Carbonation: 2.4 CO2-vol

Water Profile

Ca+2
100Mg+2
15Na+
5Cl-
105SO4-2
169HCO3-
13


----------



## wide eyed and legless (6/4/19)

If you think it could be the water additions, get on to Brewers Friend and do your calculations on there.
They have the Cardinia profile on the system, makes it so much easier to adjust your water no matter what you are brewing.


----------



## pcmfisher (6/4/19)

If that recipe tasted even remotely like VB, give up brewing, I would. 
The only resemblance would be it's amber and wet...…..


----------



## mc666 (6/4/19)

Thanks weal I checked brewers friend Cardinia profile and i wasn't far off. Digging deeper I found the kitchen scales I used to measure my additions is faulty. Maybe adding to much calcium chloride, calcium sulphate and magnesium sulphate could be the cause.


----------



## wide eyed and legless (6/4/19)

mc666 said:


> Thanks weal I checked brewers friend Cardinia profile and i wasn't far off. Digging deeper I found the kitchen scales I used to measure my additions is faulty.
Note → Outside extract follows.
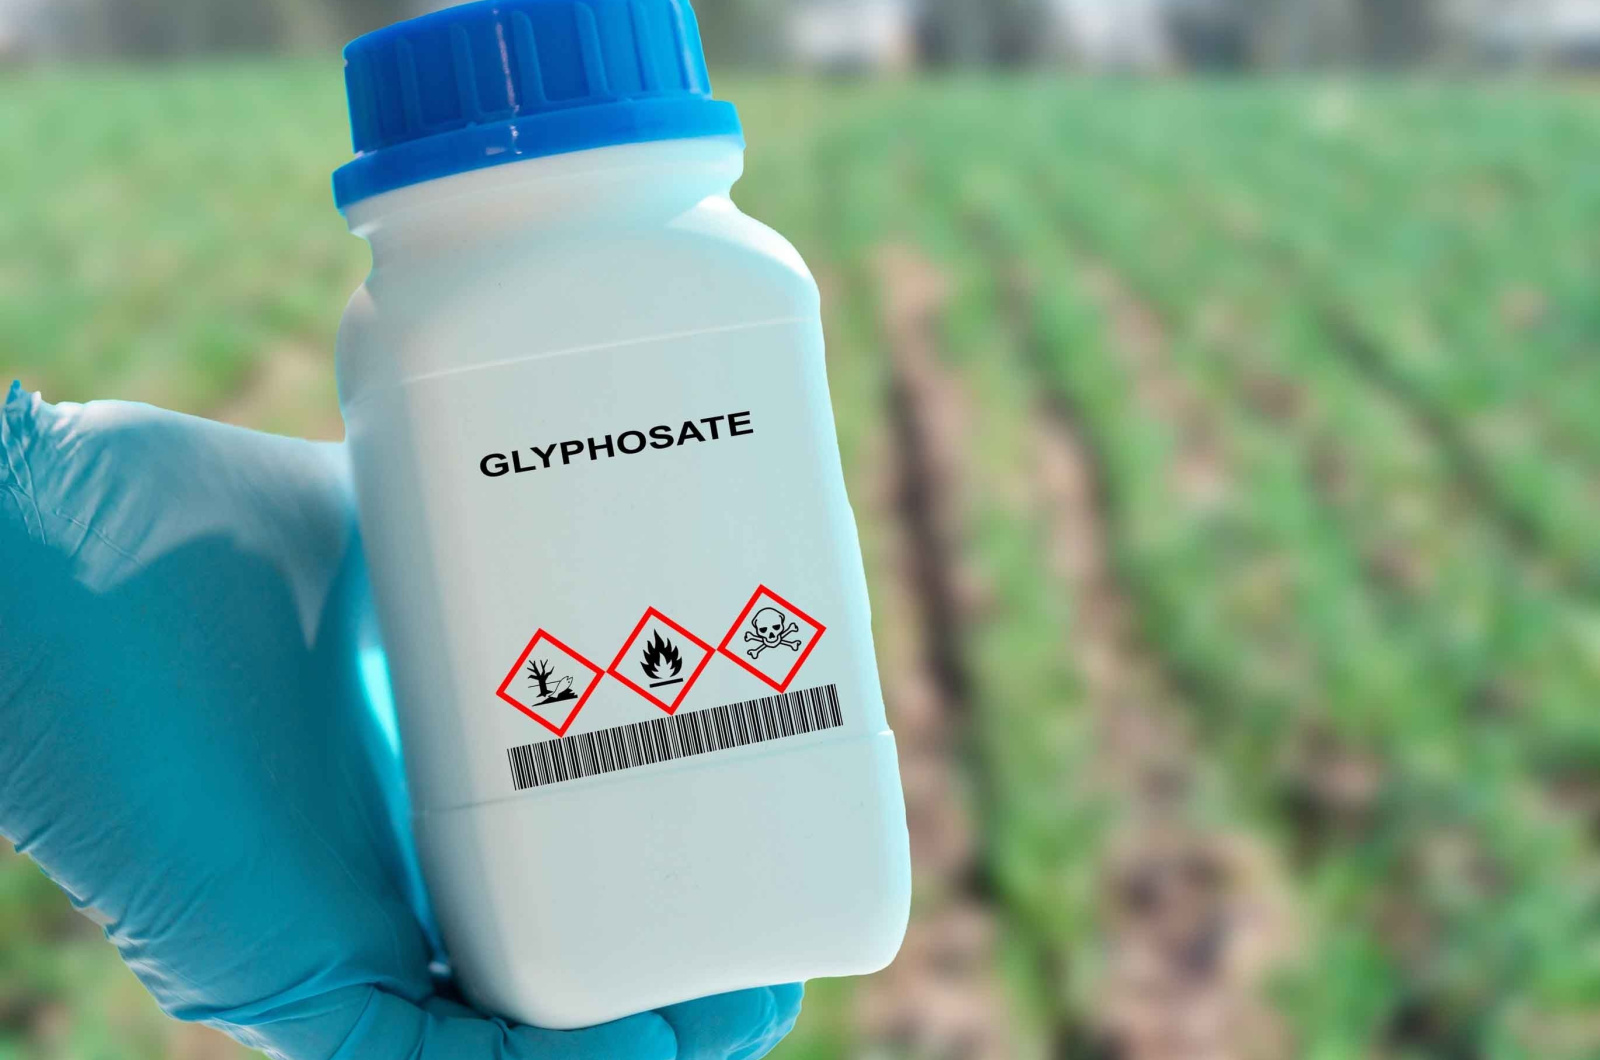 glyphosate herbicide used to control weeds in crops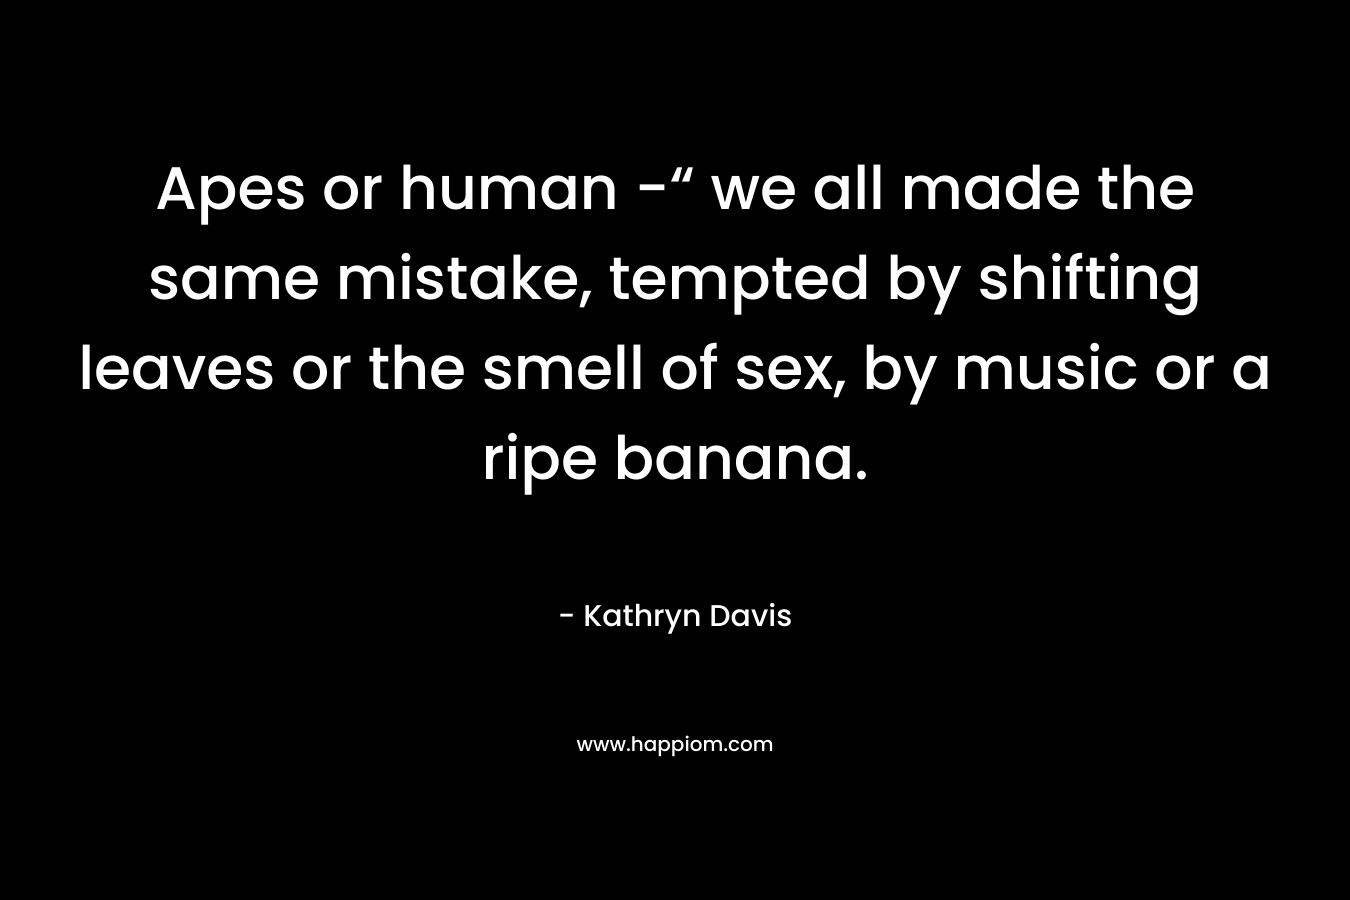 Apes or human -“ we all made the same mistake, tempted by shifting leaves or the smell of sex, by music or a ripe banana. – Kathryn Davis

Maybe adding to much calcium chloride, calcium sulphate and magnesium sulphate could be the cause.


I have fell for the faulty scales trick before, even foolishly knowing it seemed a lot of salts, I very rarely use the epsom salts just stick to sulphate and chloride and a wee drop of acid.


----------